Markíza
- Logo used since 2022
- Country: Slovakia
- Transmitters: cable, satellite, IPTV, DVB-T
- Headquarters: Záhorská Bystrica, Bratislava

Programming
- Language: Slovak
- Picture format: 1080i HDTV

Ownership
- Owner: Markíza – Slovakia, spol. s r.o. (CME, owned by PPF Group)
- Sister channels: Markíza Doma Markíza Dajto Markíza KRIMI Markíza Klasik Markíza International

History
- Launched: 31 August 1996; 29 years ago
- Founder: Pavol Rusko

Links
- Website: markiza.sk tnlive.sk

Availability

Terrestrial
- DVB-T: MUX 4 (HD) (Pay)

Streaming media
- Archív Markíza: Watch live (Slovak only)
- Voyo: Voyo

= Markíza =

Slovak television channel

Markíza (also known as Televízia Markíza) is a Slovak television channel launched on August 31, 1996. The channel was founded by a later politician Pavol Rusko, and is now part of the Central European Media Enterprises (CME). It also operates television channels Doma (since 2009), Dajto (since 2012), Markíza International (since 2016), Markíza KRIMI (since 2022), and Markíza Klasik (since 2024).
In 2020, CME was bought out by Peter Kellner's investment group PPF. PPF is therefore the new owner of TV Markíza.

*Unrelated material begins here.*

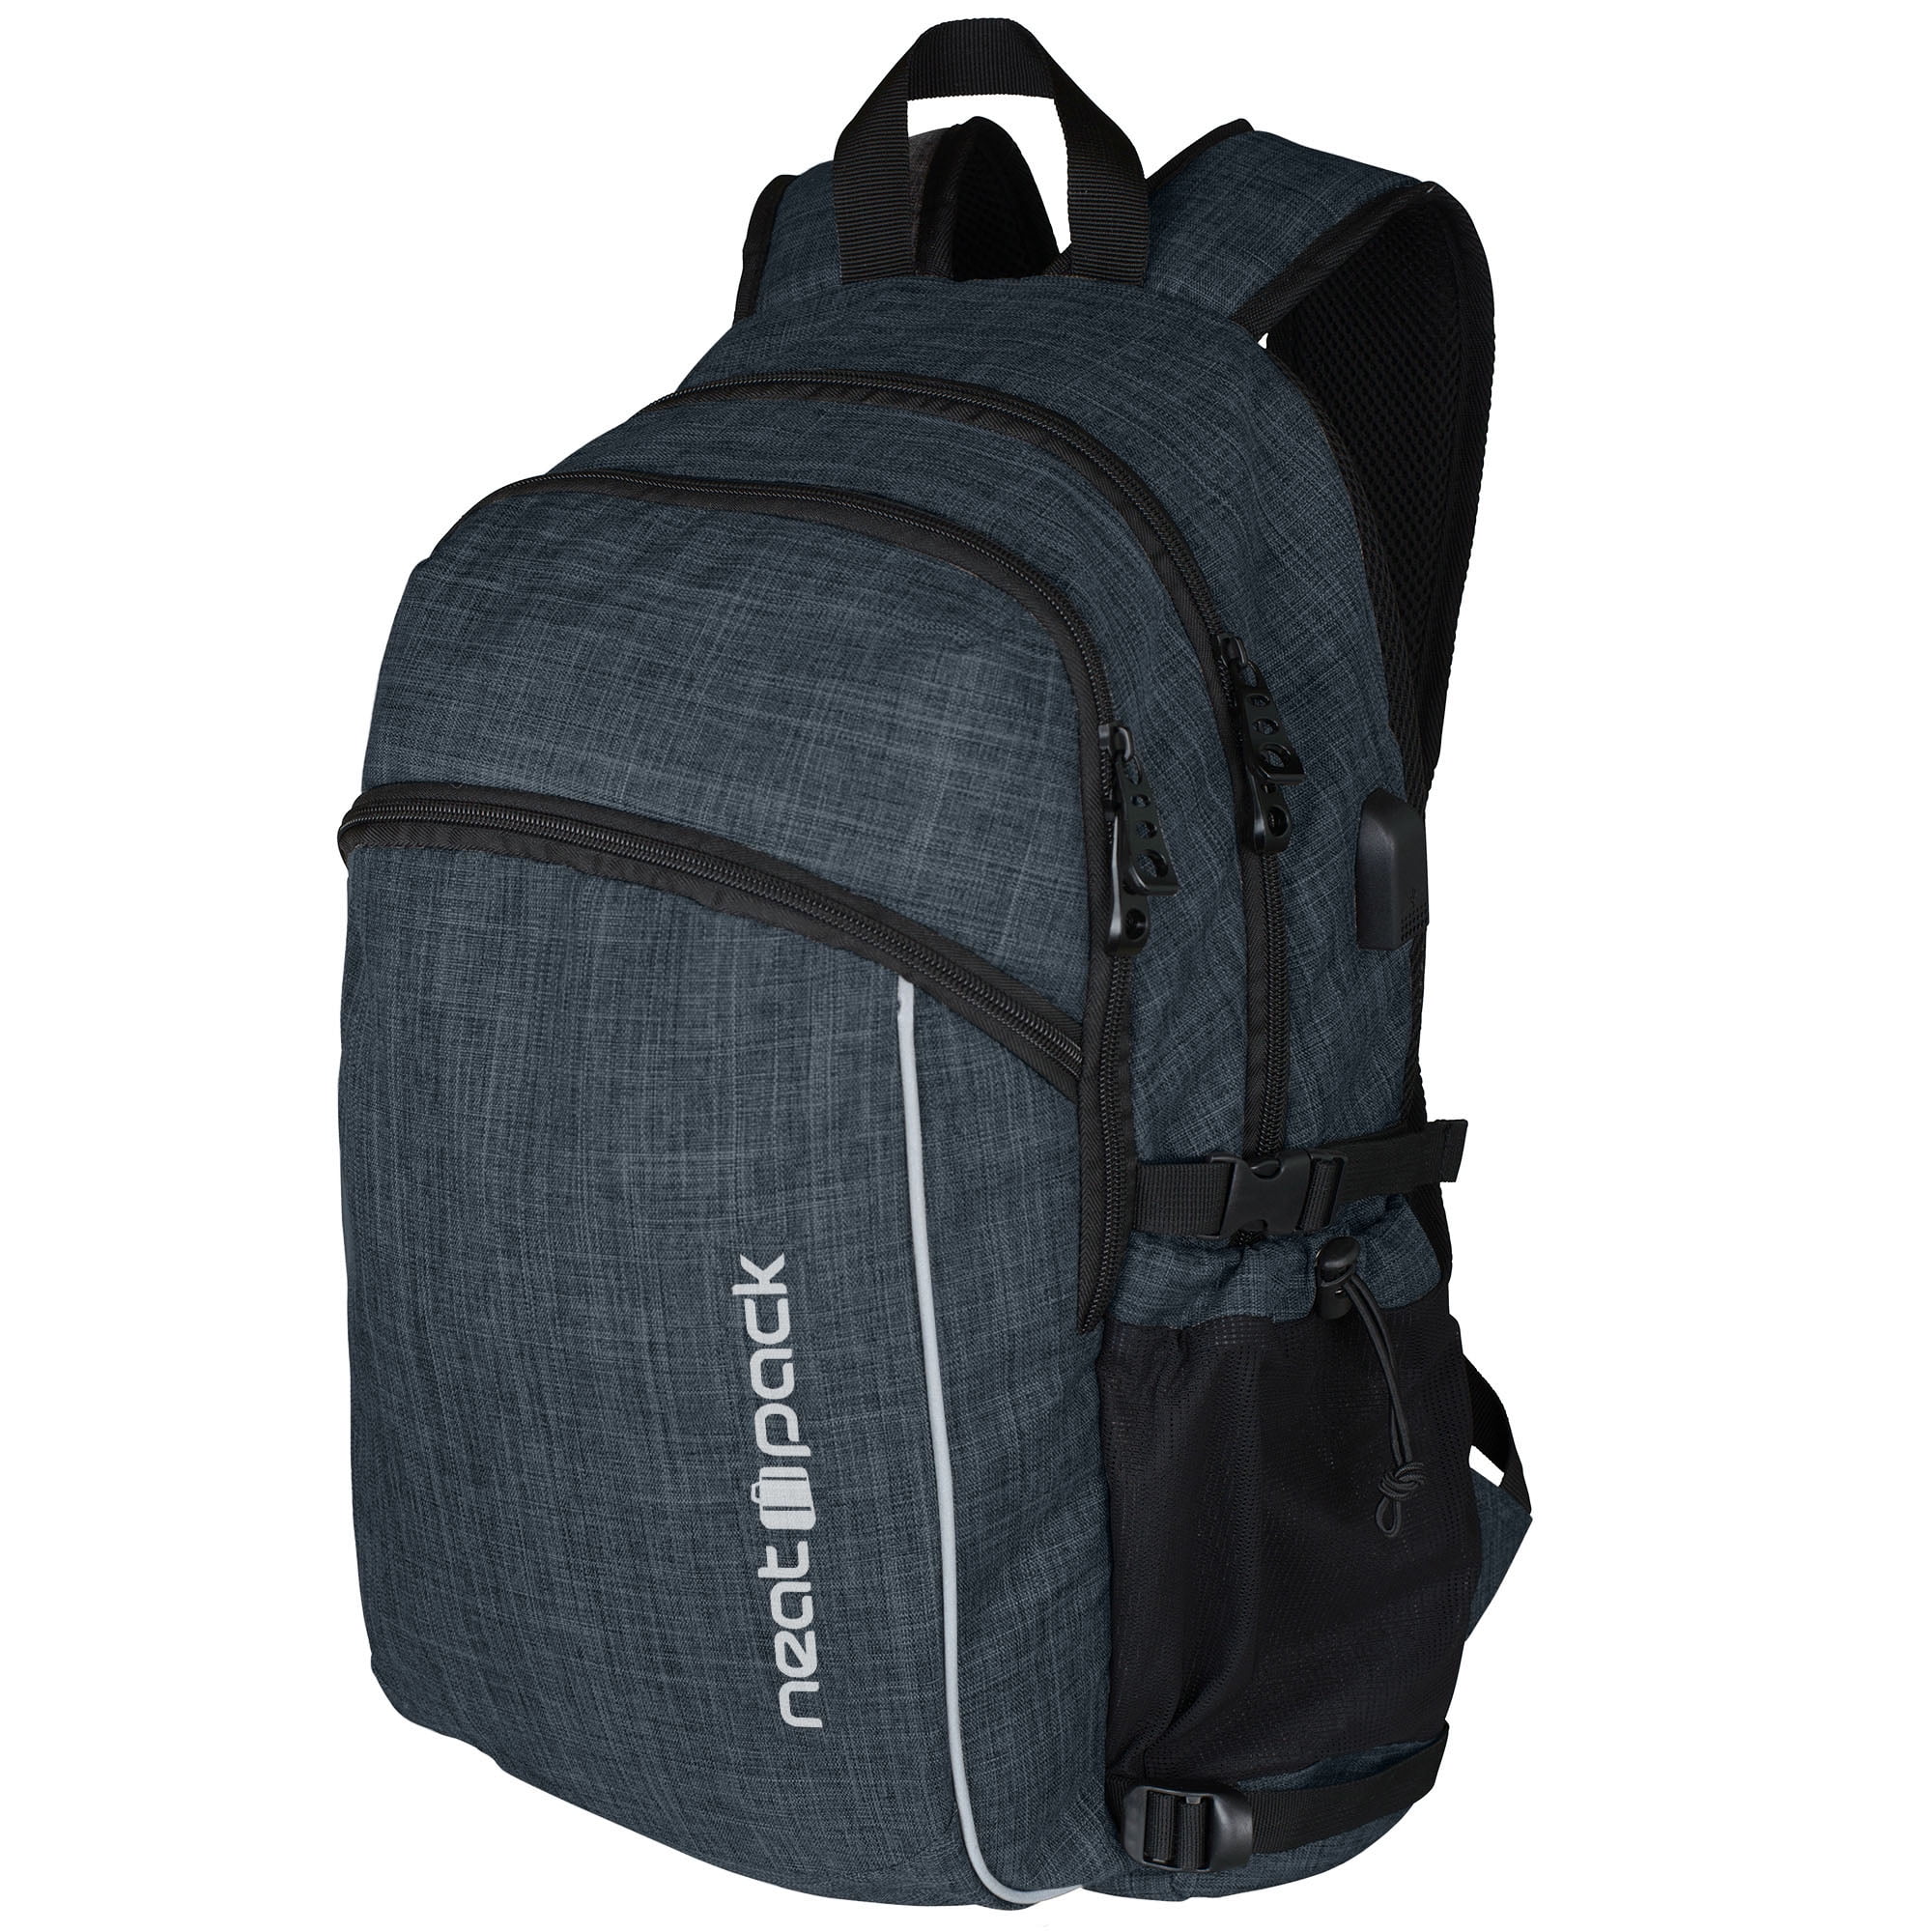 NeatPack laptop backpack with USB port, black - Walmart.com

In addition to its news and local programs, TV Markíza has broadcast rights to a variety of popular American and European films and series.

TV Markíza's programming is also available through the Slovak streaming service Voyo, mobile applications.

The General Director of CME's operations in Slovakia is Peter Gažík.

==Etymology==
The name of the channel, Markíza (Marquise), in the words of its director in 2008, evoked "freshness, glamour, prestige", which was seen as something "out of the ordinary".

==History==
"Markiza is a daughter of the HZDS", said Emília Boldišová, who led the license drive, which refused to give a license to Pavol Rusko because he hid the co-owner from abroad, Sylvia Volzová. The committee in December 1994 issued a license to Markíza – Slovakia, Blatné, spol. s. r. o. which was awarded on 7 August 1995. According to Boldišová, thanks to the then president of the Slovak National Council Ivan Gašparovič, his assistant Ľuboš Jurík and Oľga Keltošová.

==CME Content Academy==
In 2022, Markíza and TV Nova, in cooperation with The Television Institute Brno, launched CME Content Academy. The scholarship program is funded by Central European Media Enterprises, to which both TV Nova and Markíza belong. The Academy's two-year course is designed to provide participants with a grounding across various film-making disciplines, enabling students to become TV professionals.

The practice is divided according to the production scheme of TV Nova and Markíza and takes place in Brno, Prague, and Bratislava.